How to create Newick tree format from raw morphology data in R on Mac OSX I tried the phangorn
package, but it's not working for me.
Convert csv to Newick tree I don't know Python, so I have difficulty in fully understanding this code.
I have made a sample taxa data.
Taxa data:
structure(c("A", "C", "B", "A", "C", "B", "C", "B", "B", "C",
"C", "B", "C", "C", "A", "C", "A", "B", "B", "B", "E", "G", "F",
"H", "F", "I", "D", "H", "H", "E", "I", "D", "D", "H", "G", "H",
"G", "I", "H", "E", "L", "K", "Q", "N", "O", "Q", "J", "K", "O",
"Q", "M", "K", "M", "Q", "P", "N", "J", "Q", "M", "O", "R", "Y",
"Z", "W", "V", "Y", "S", "V", "R", "T", "X", "R", "R", "W", "R",
"X", "Y", "Z", "Z", "Z", "b", "e", "c", "c", "b", "j", "h", "d",
"h", "a", "g", "d", "f", "a", "f", "h", "d", "g", "i", "j", "q",
"p", "t", "n", "u", "p", "q", "u", "t", "s", "q", "k", "k", "k",
"l", "s", "o", "v", "m", "m", "n H", "h A", "x J", "h T", "a H",
"t X", "h O", "m J", "g B", "f Z", "w X", "l S", "s F", "w R",
"v U", "z X", "e B", "c O", "n R", "b J"), dim = c(20L, 7L), dimnames = list(
c("seq_1", "seq_2", "seq_3", "seq_4", "seq_5", "seq_6", "seq_7",
"seq_8", "seq_9", "seq_10", "seq_11", "seq_12", "seq_13",
"seq_14", "seq_15", "seq_16", "seq_17", "seq_18", "seq_19",
"seq_20"), c("domain", "phylum", "class", "order", "family",
"genus", "species")))
Any package or code I can run in R is much appreciated!

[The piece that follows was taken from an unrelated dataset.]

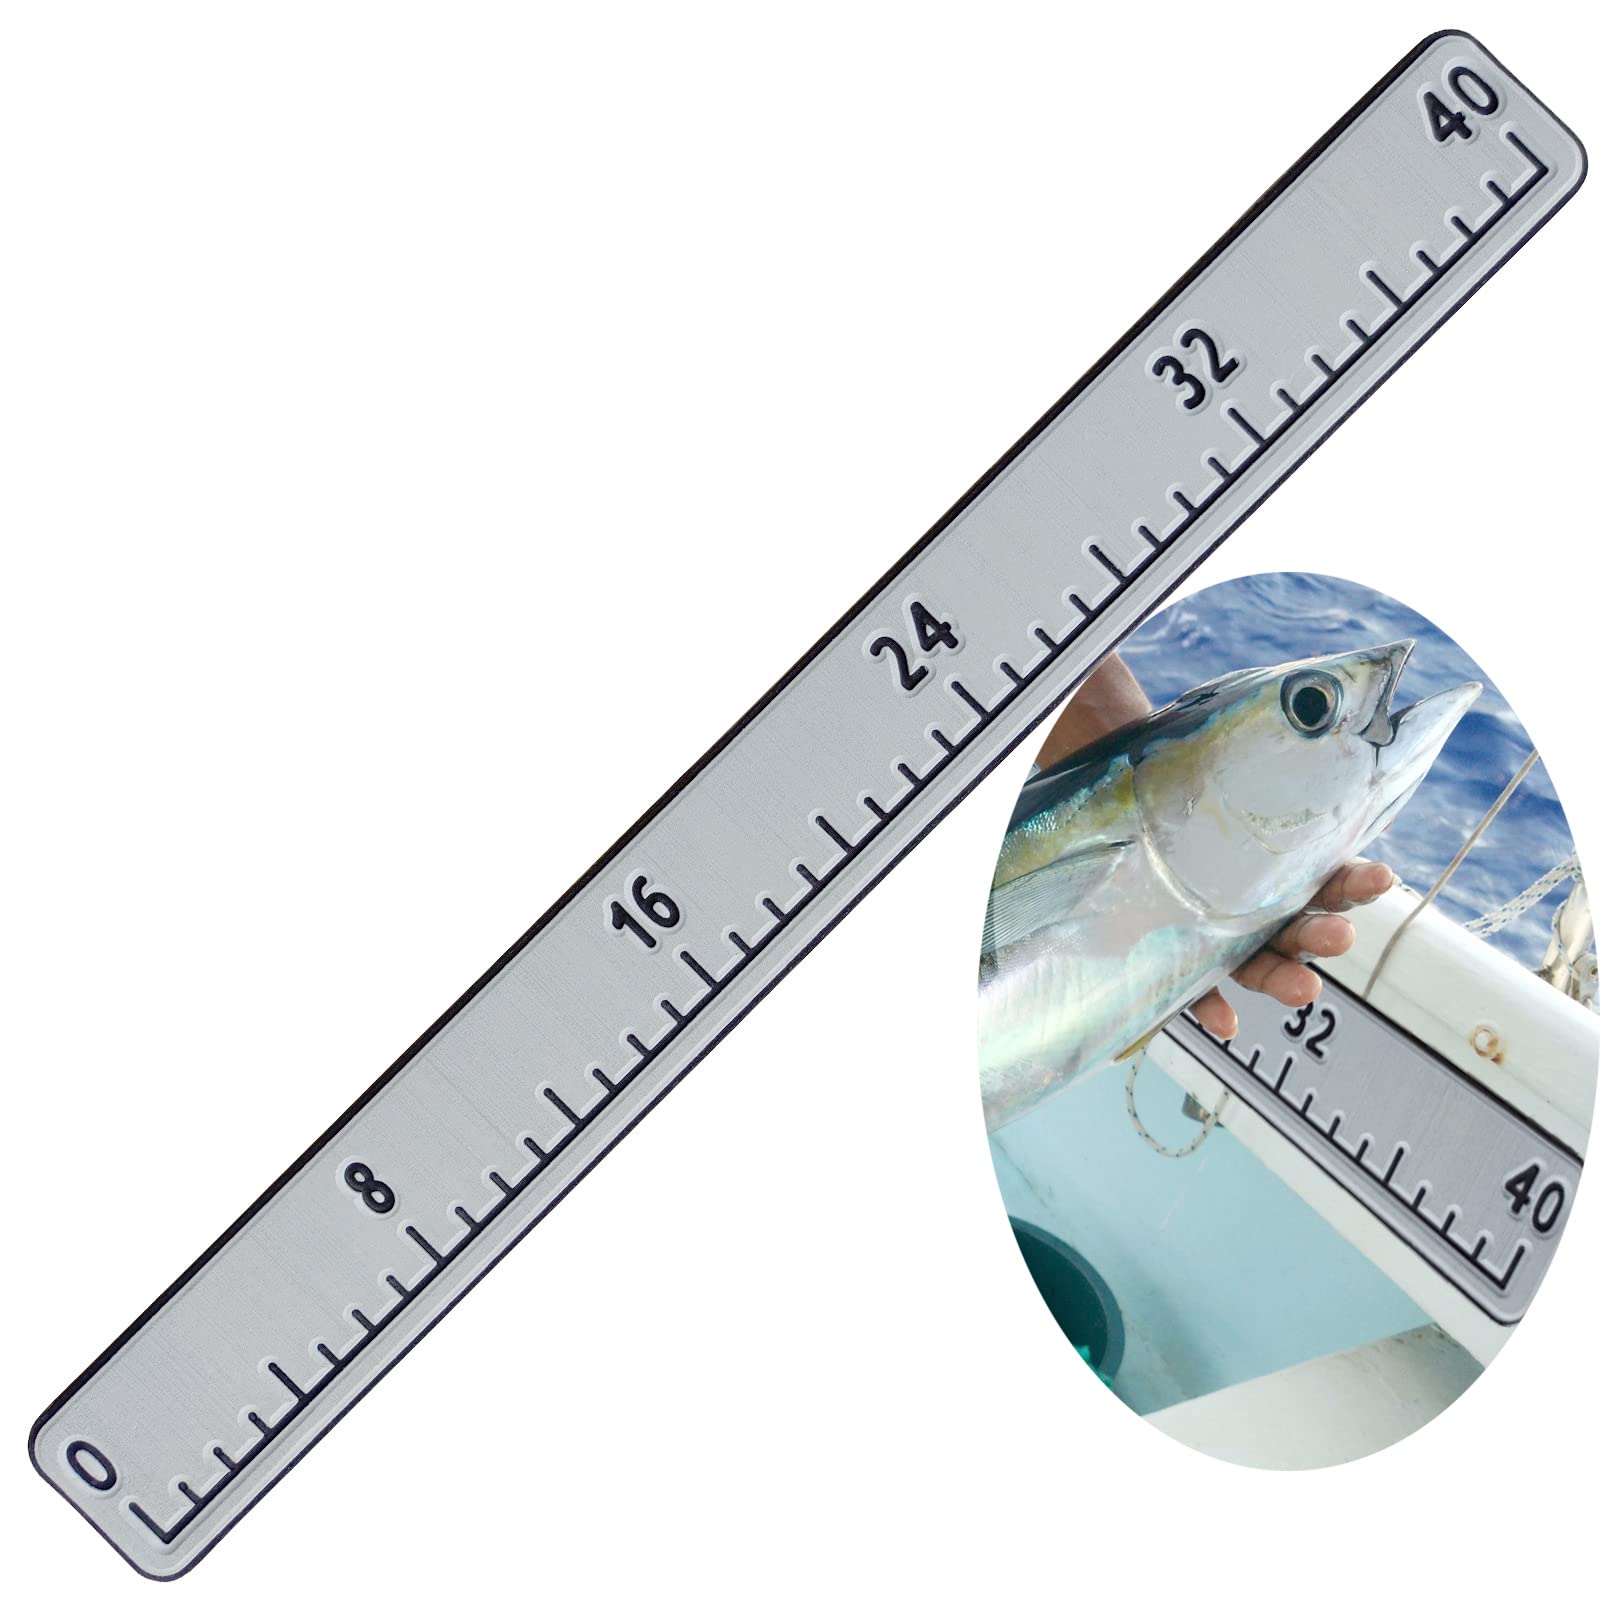 Hzkaicun/Fish Ruler/40/with Backing Adhesive/Fish Measuring Sticker/Foam  Fish Ruler for Boat/Fish Measuring Board/Suitable for/Fish  Boat/Cooler/Kayak/Yacht/Fish Ruler Boat Accessories 40 Light gray

Thank you!
Using the function taxtotree
from the comecol package at GitHub, your data can be converted in to a phylo
object used by the ape
package.
# installing and loading libraries
if(!require("devtools", character.only = TRUE)){
install.packages("devtools", dependencies = TRUE)
}
install_github("jgmv/comecol", upgrade = TRUE)
require(comecol)
# converting the data.frame to phylo
phy <- taxtotree(dat, a = 1, b = 7, include_rownames = TRUE)
# plot and save the tree in Newick format
plot(phy, show.node.label = TRUE)
write.tree(phy, file = "mytree.tre")